### Problem description:
Where the line containing "Archimedes: biografi, kehidupan, penemuan, dan" appears in the entries below, begin there and output every line through the last, exactly, minus the pictures.
[Opening Data supplied section]
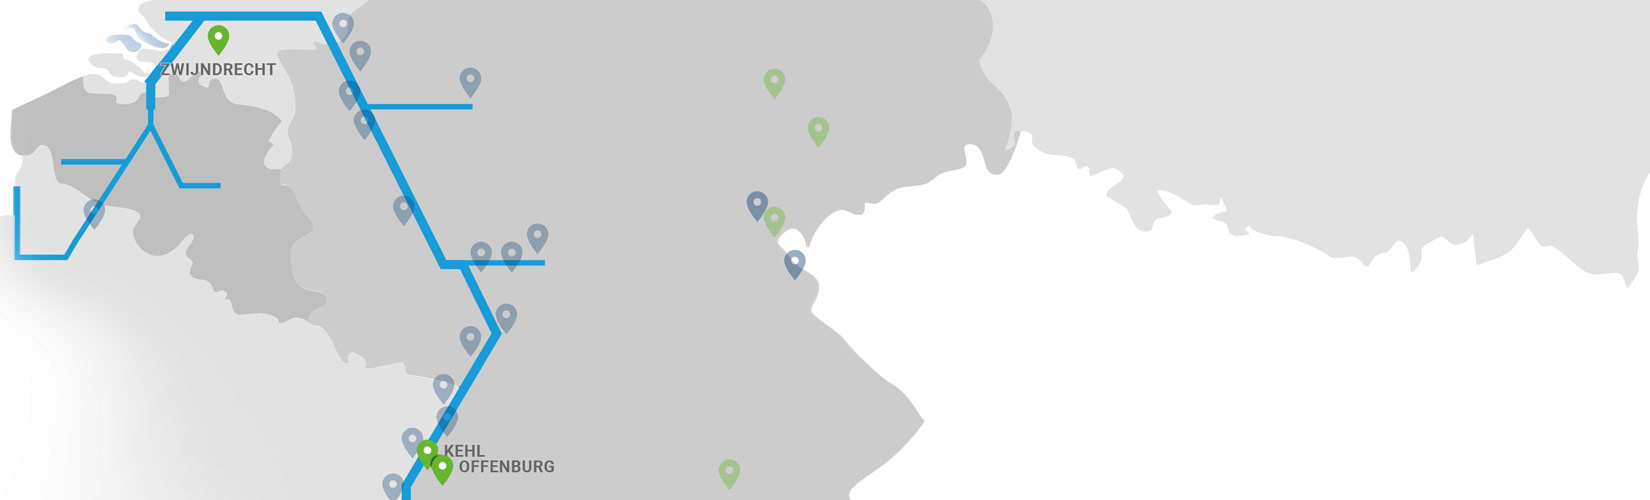 CNS Standorte auf einer Karte
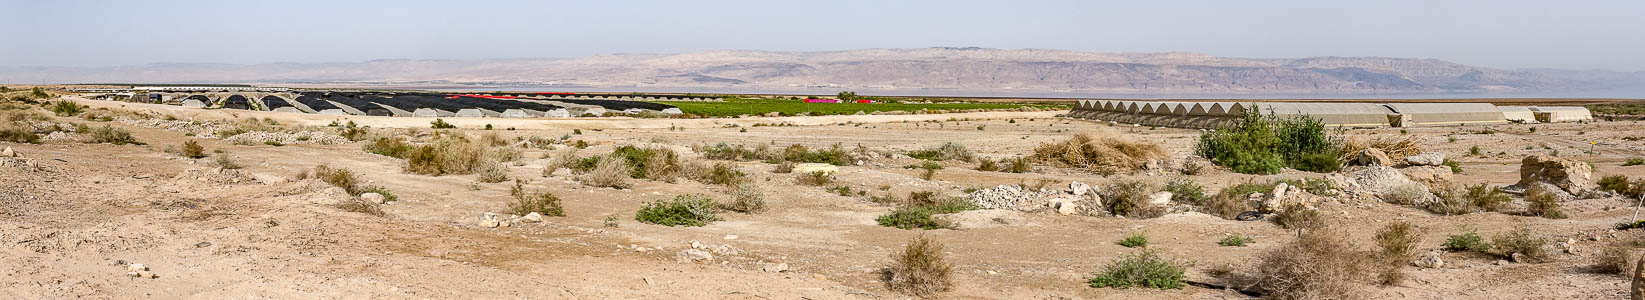 Qumran Jordantal mit Obstplantagen
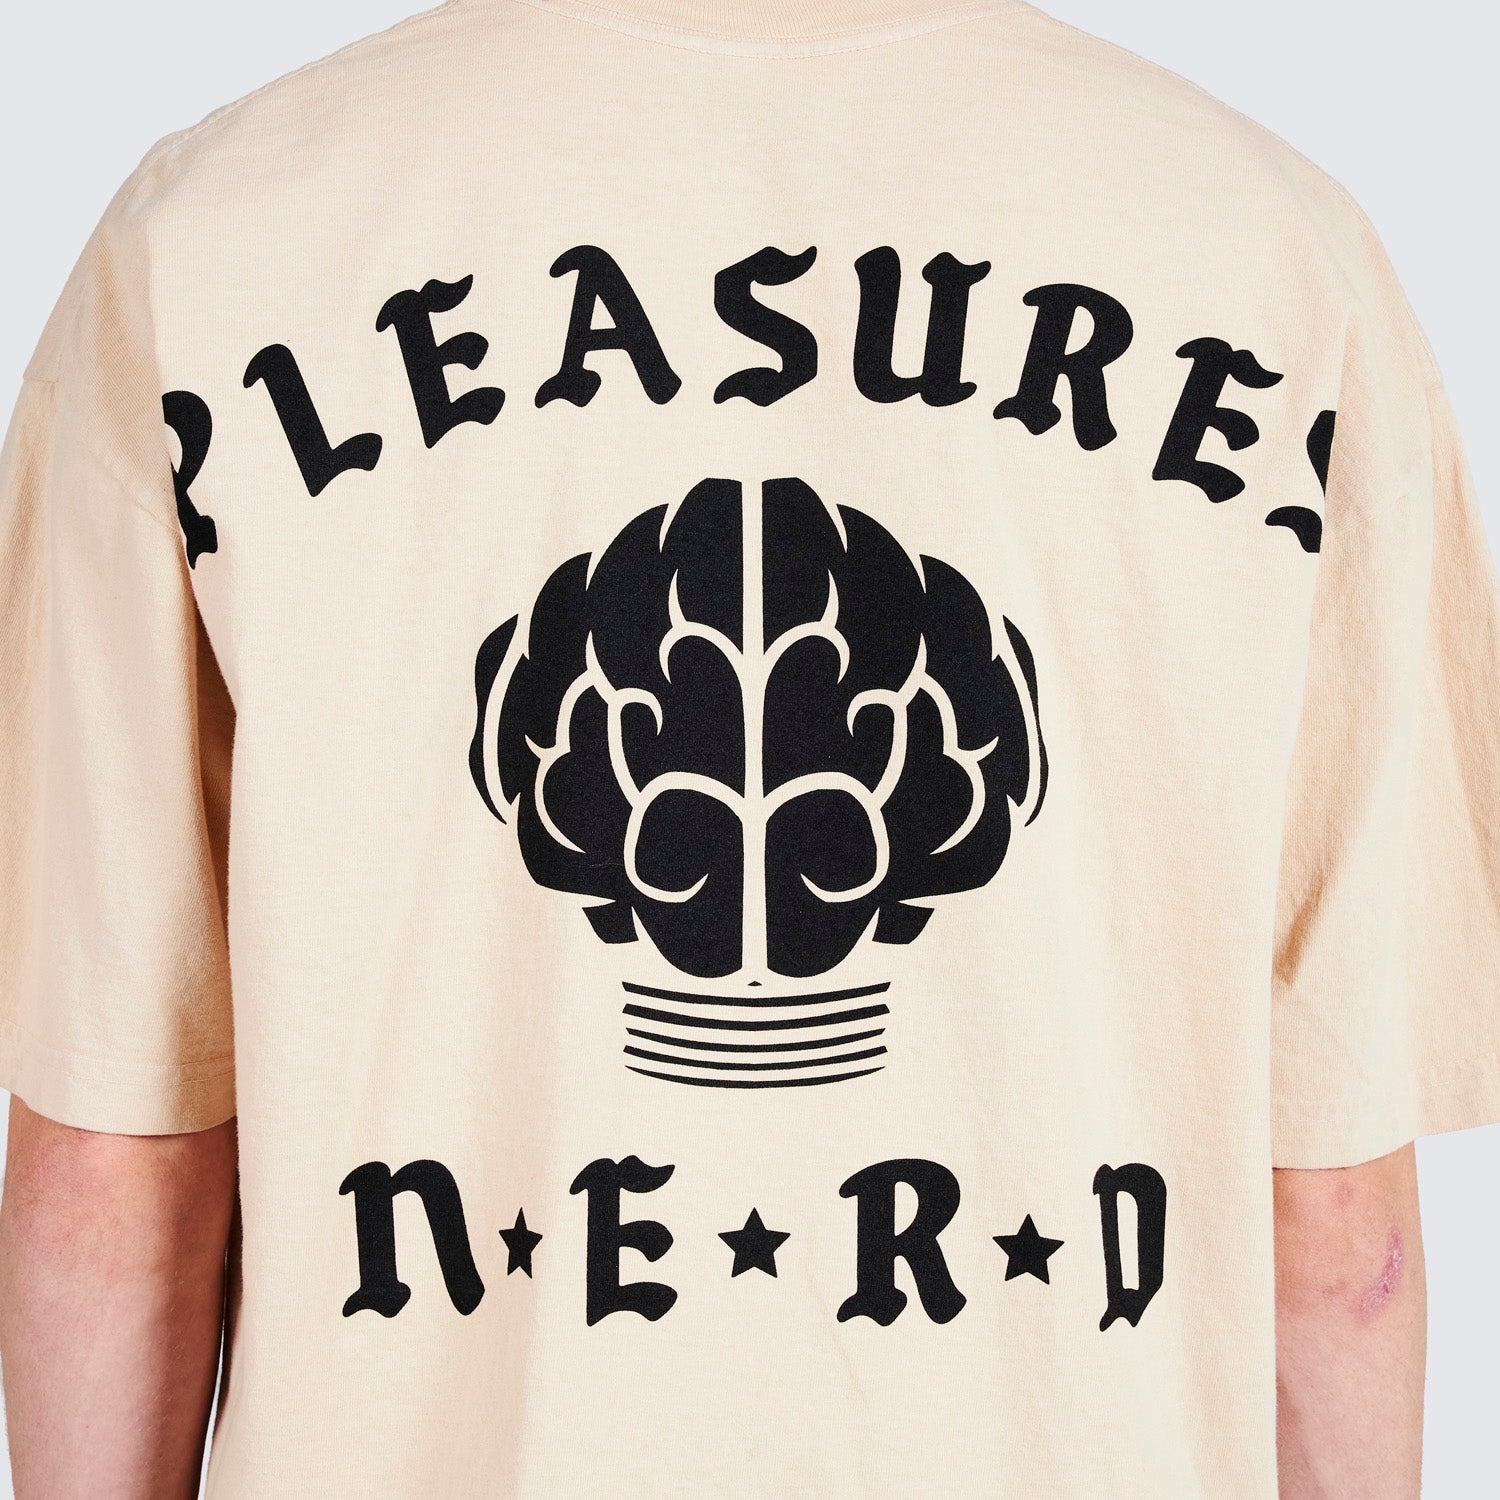 Pleasures Men Rockstar T-Shirt Tan - T-SHIRTS - Canada
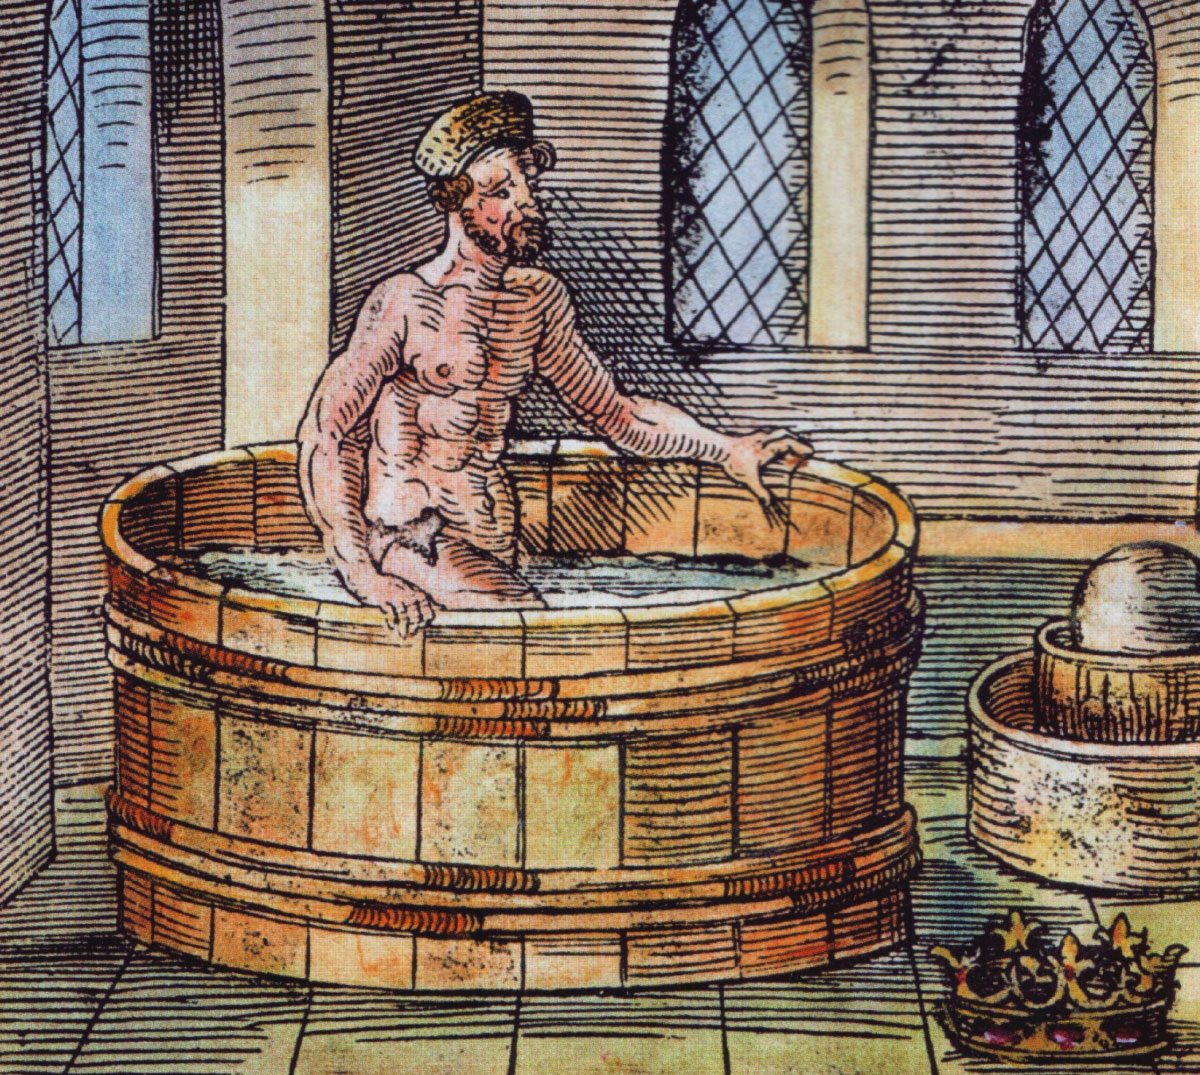  Archimedes: biografi, kehidupan, penemuan, dan trivia
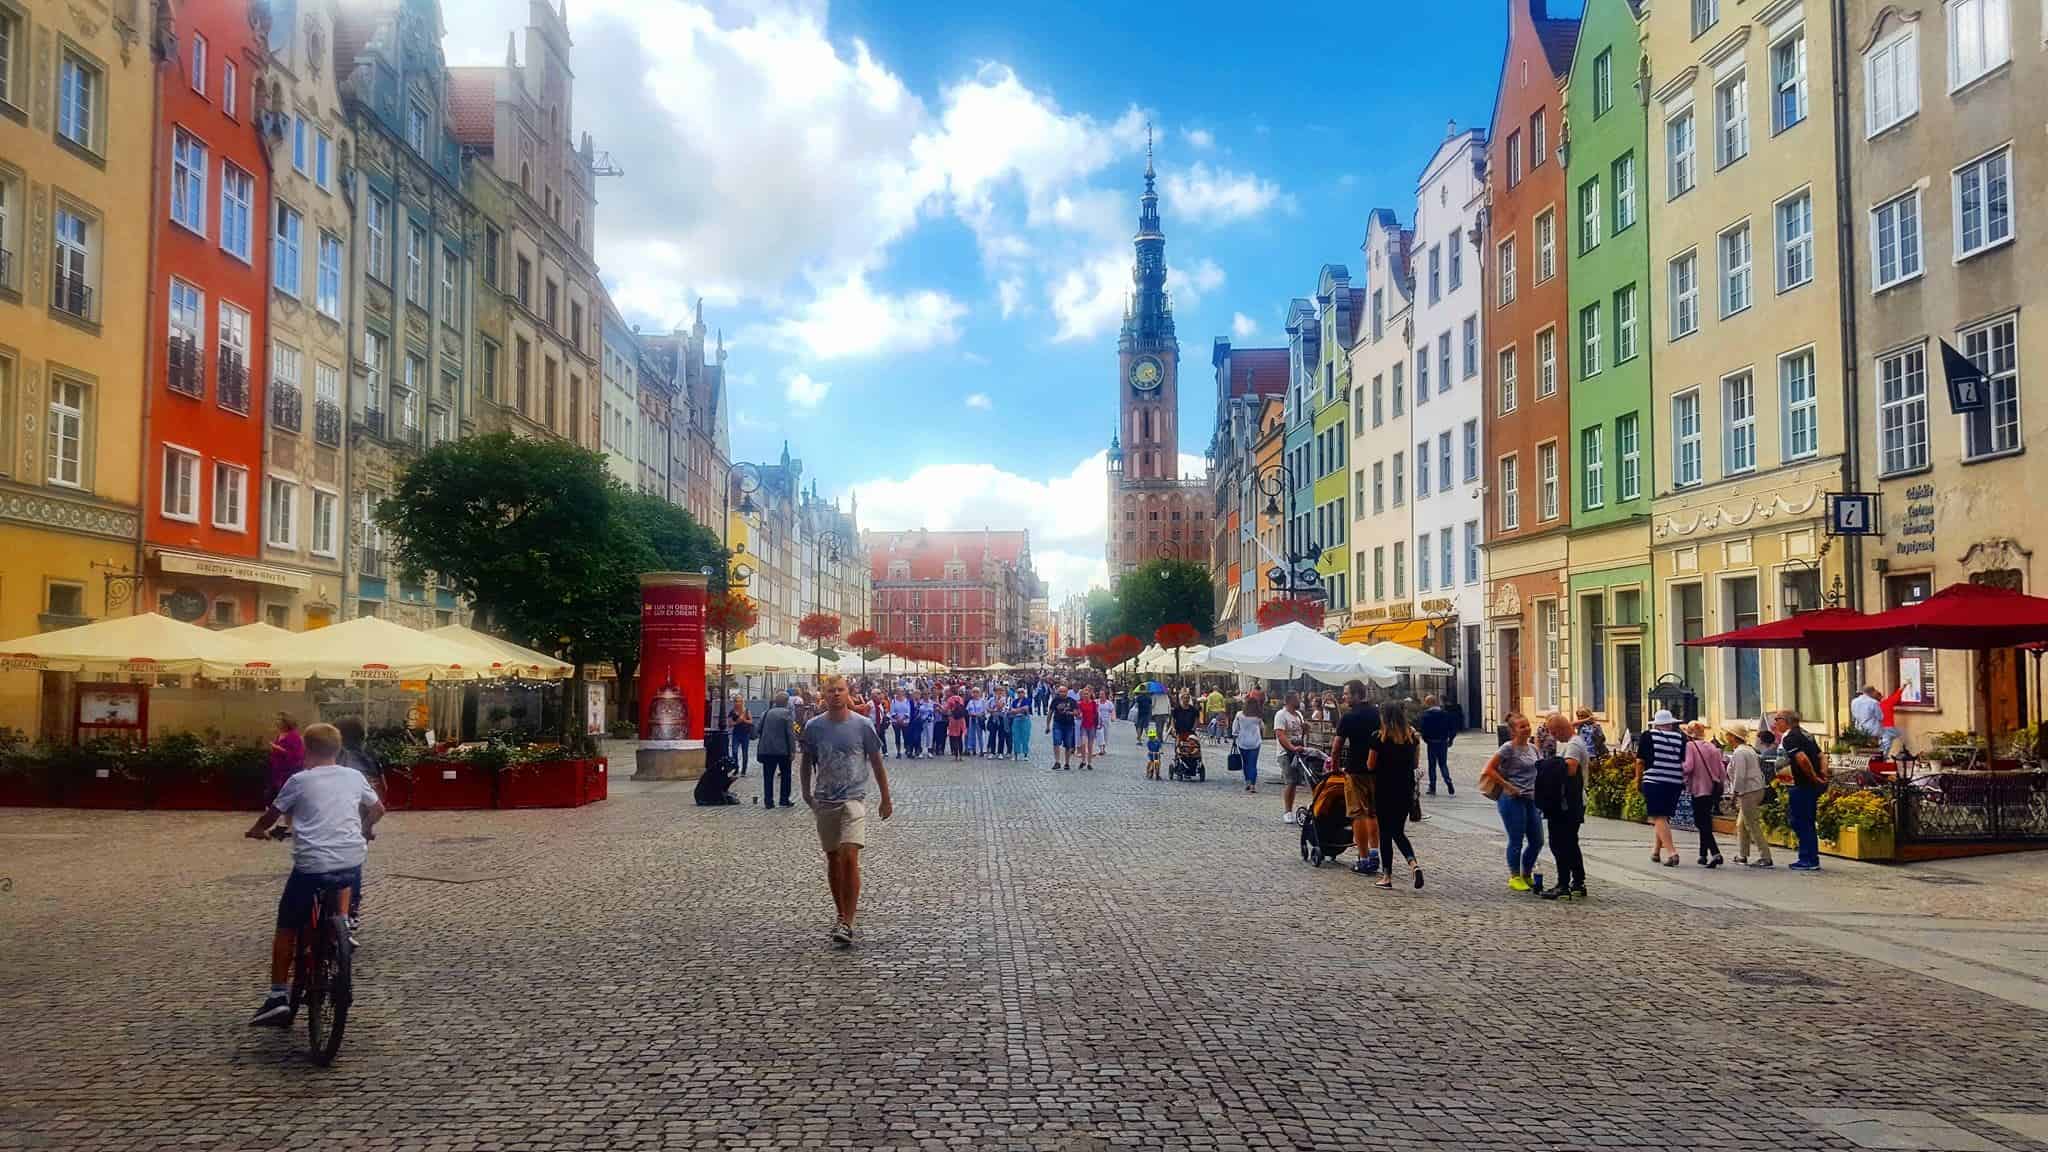 Gdańsk - Poland city center
[Closing Data supplied section]
### Solution to the exercise:
  Archimedes: biografi, kehidupan, penemuan, dan trivia
 Gdańsk - Poland city center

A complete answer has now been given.